**YOUR TASK:** Repeat the listing exactly, line by line, and leave the pictures behind.

**PROVIDED DATA:**
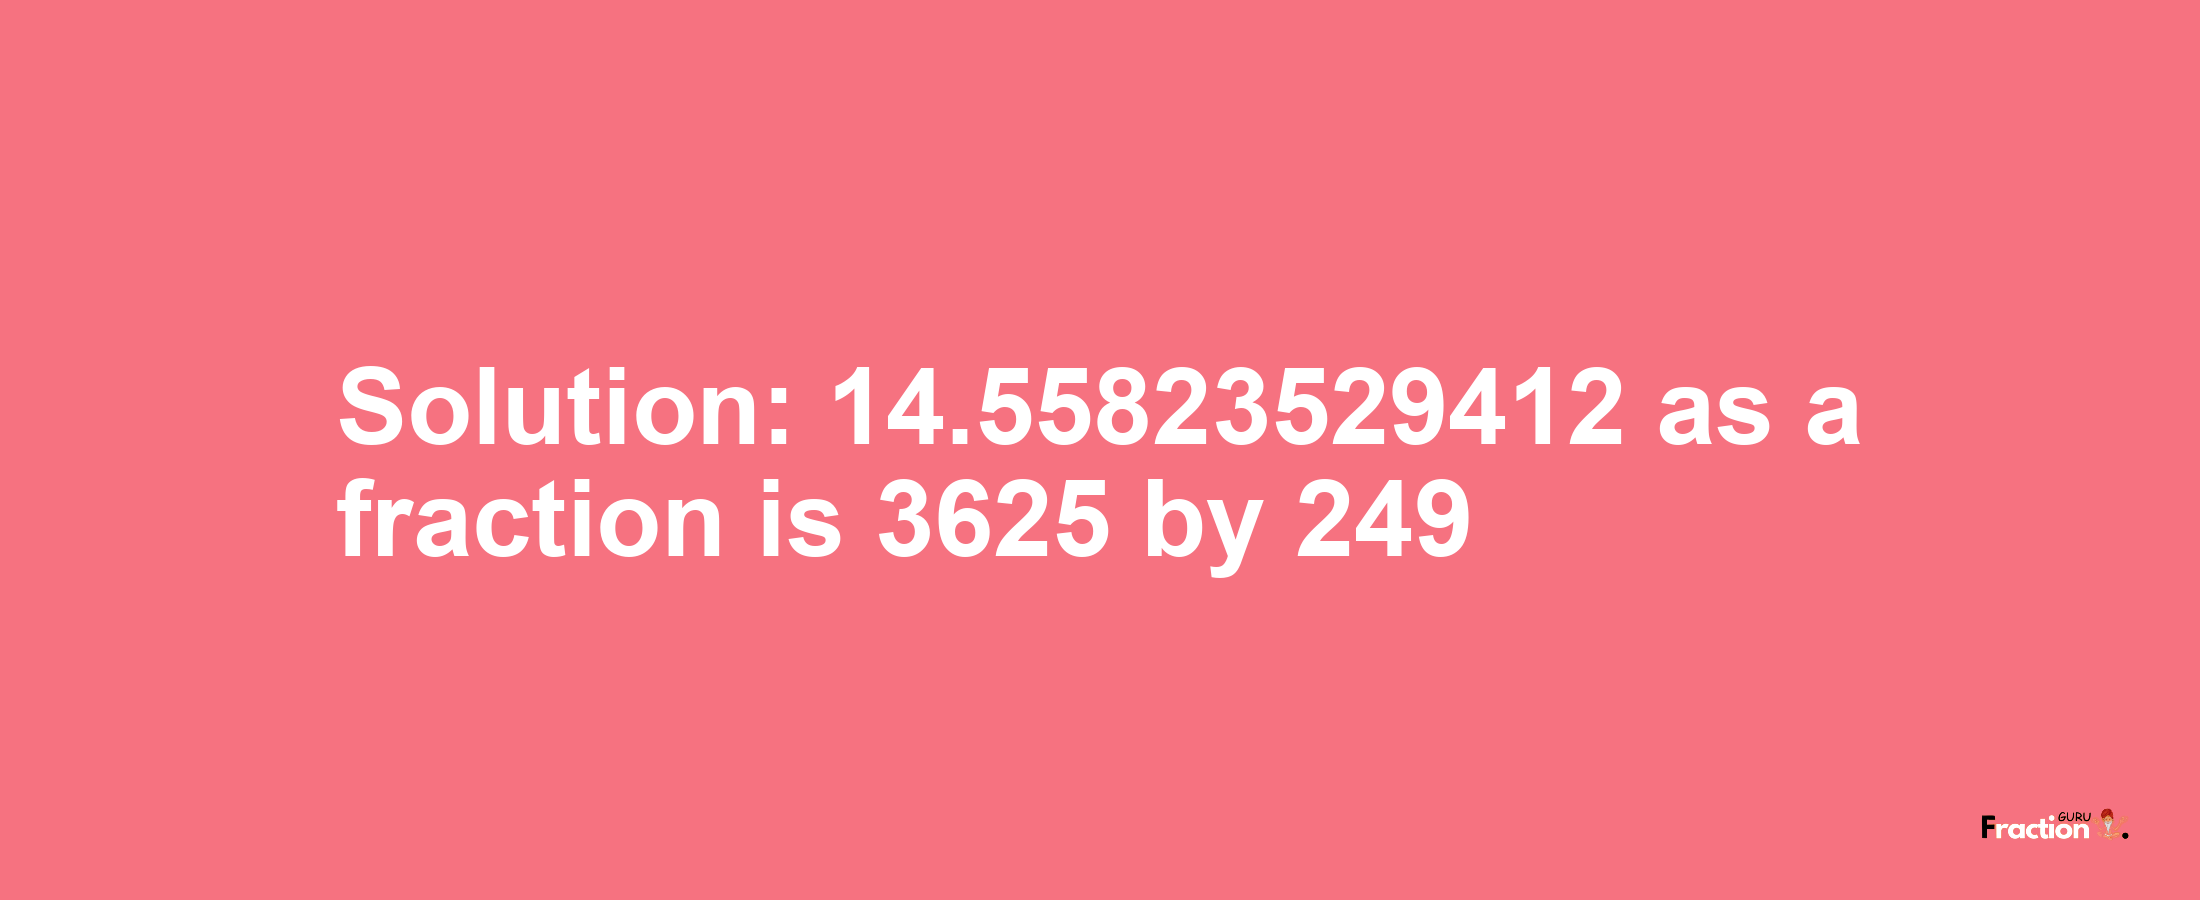 Solution:14.55823529412 as a fraction is 3625/249
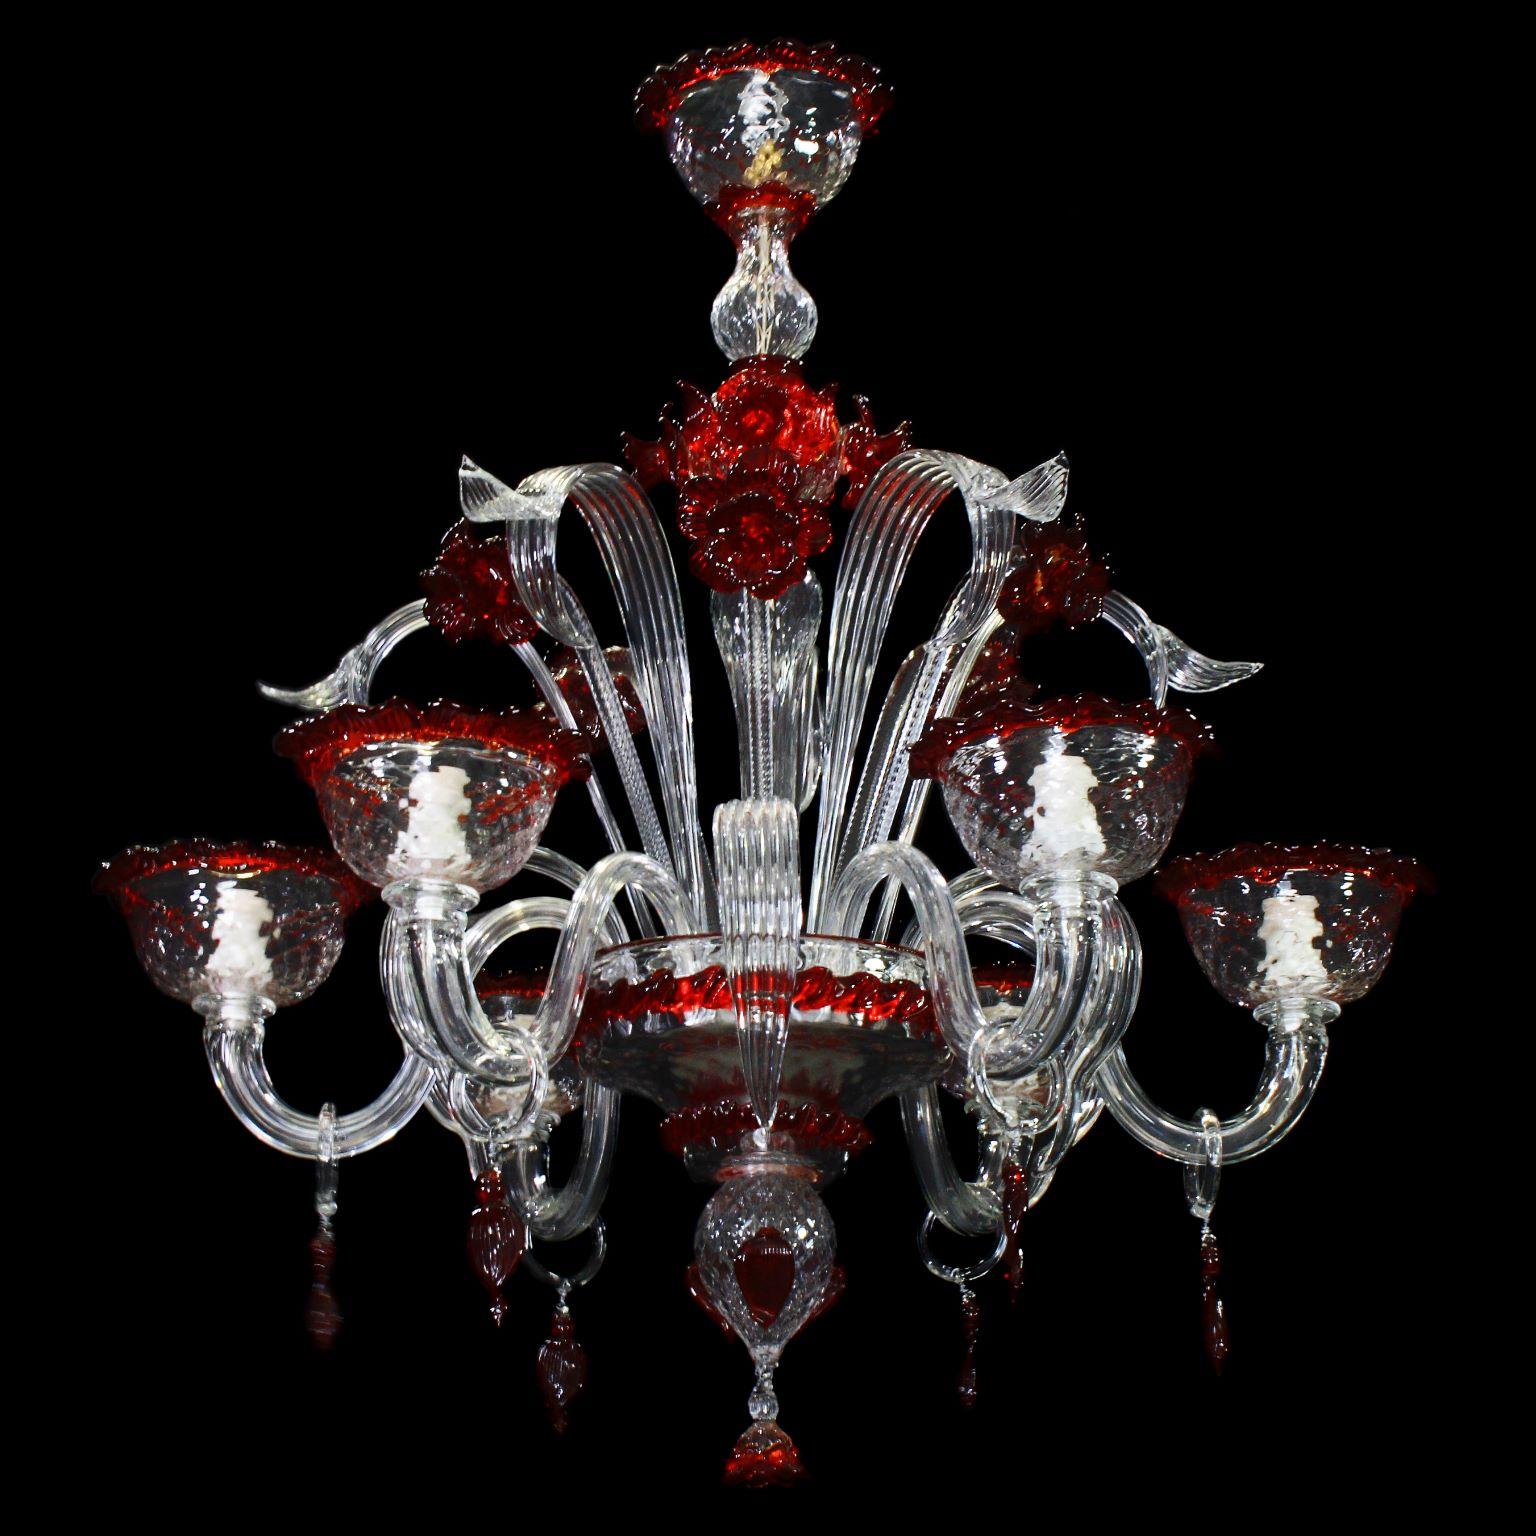 Italian Artistic Chandelier 6 Arms Clear Murano Glass Red Details by Multiforme For Sale
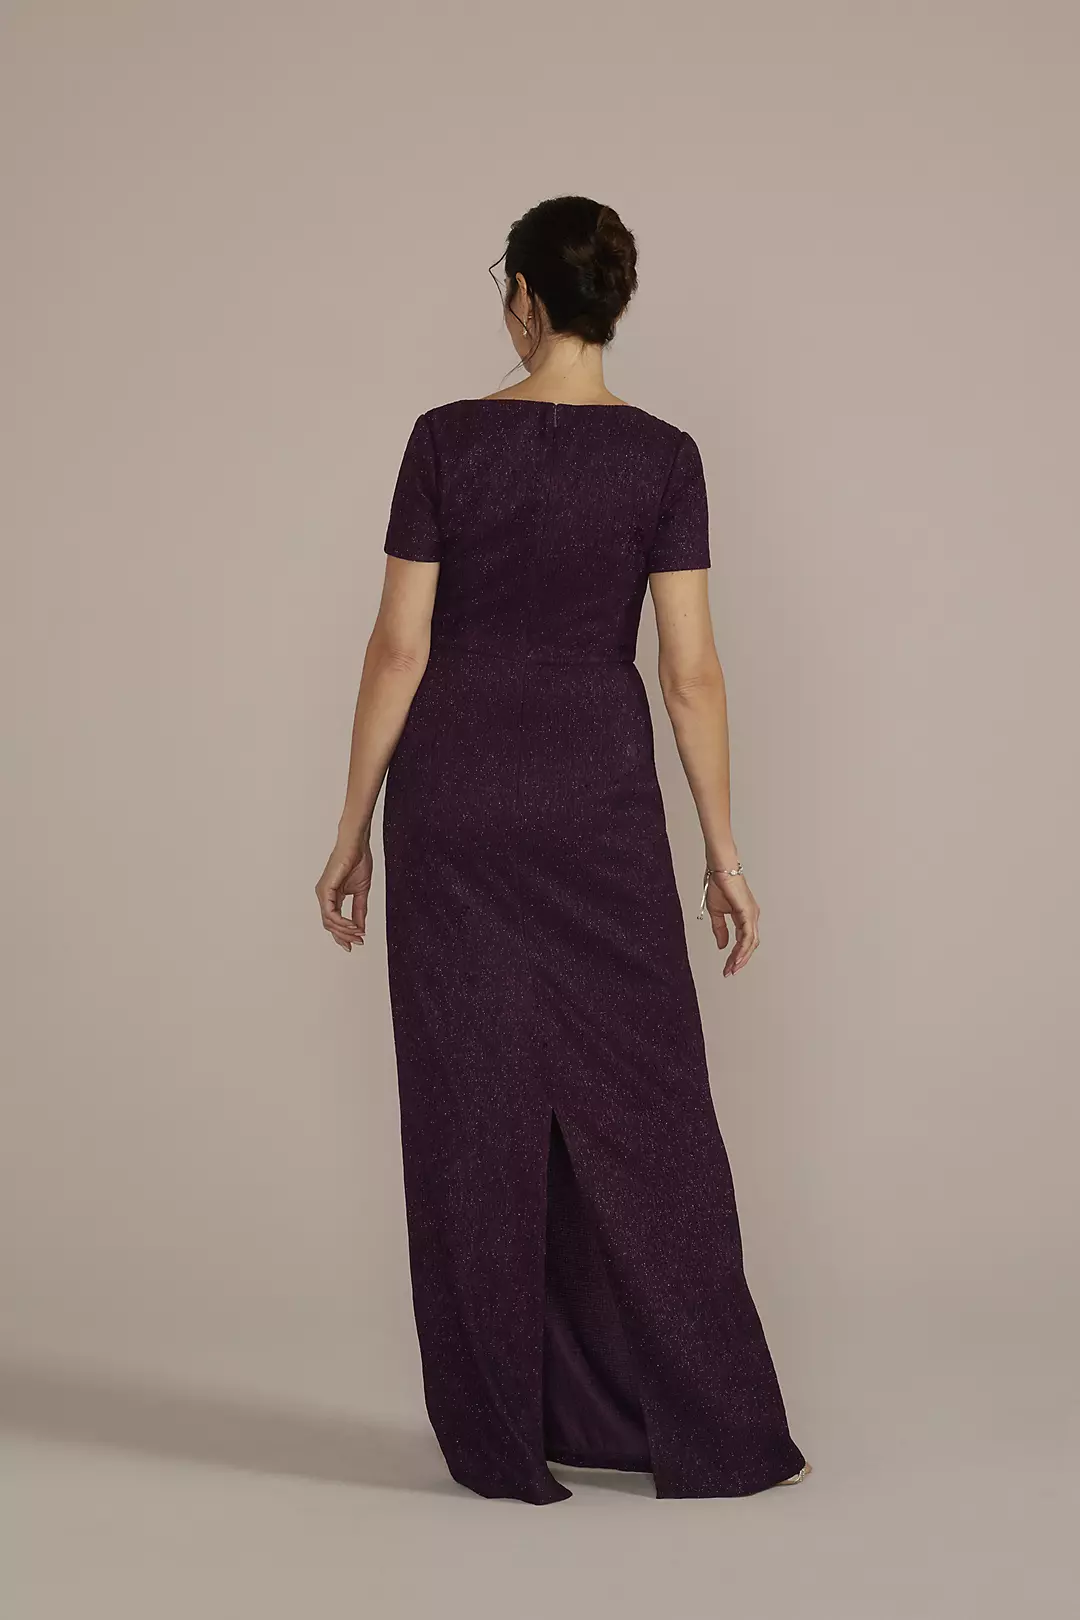 Cap Sleeve Glitter Knit Gown with Slit Image 2

**FINISHED EXERCISE:**
 Solution:14.55823529412 as a fraction is 3625/249
 Italian Artistic Chandelier 6 Arms Clear Murano Glass Red Details by Multiforme For Sale
 Cap Sleeve Glitter Knit Gown with Slit Image 2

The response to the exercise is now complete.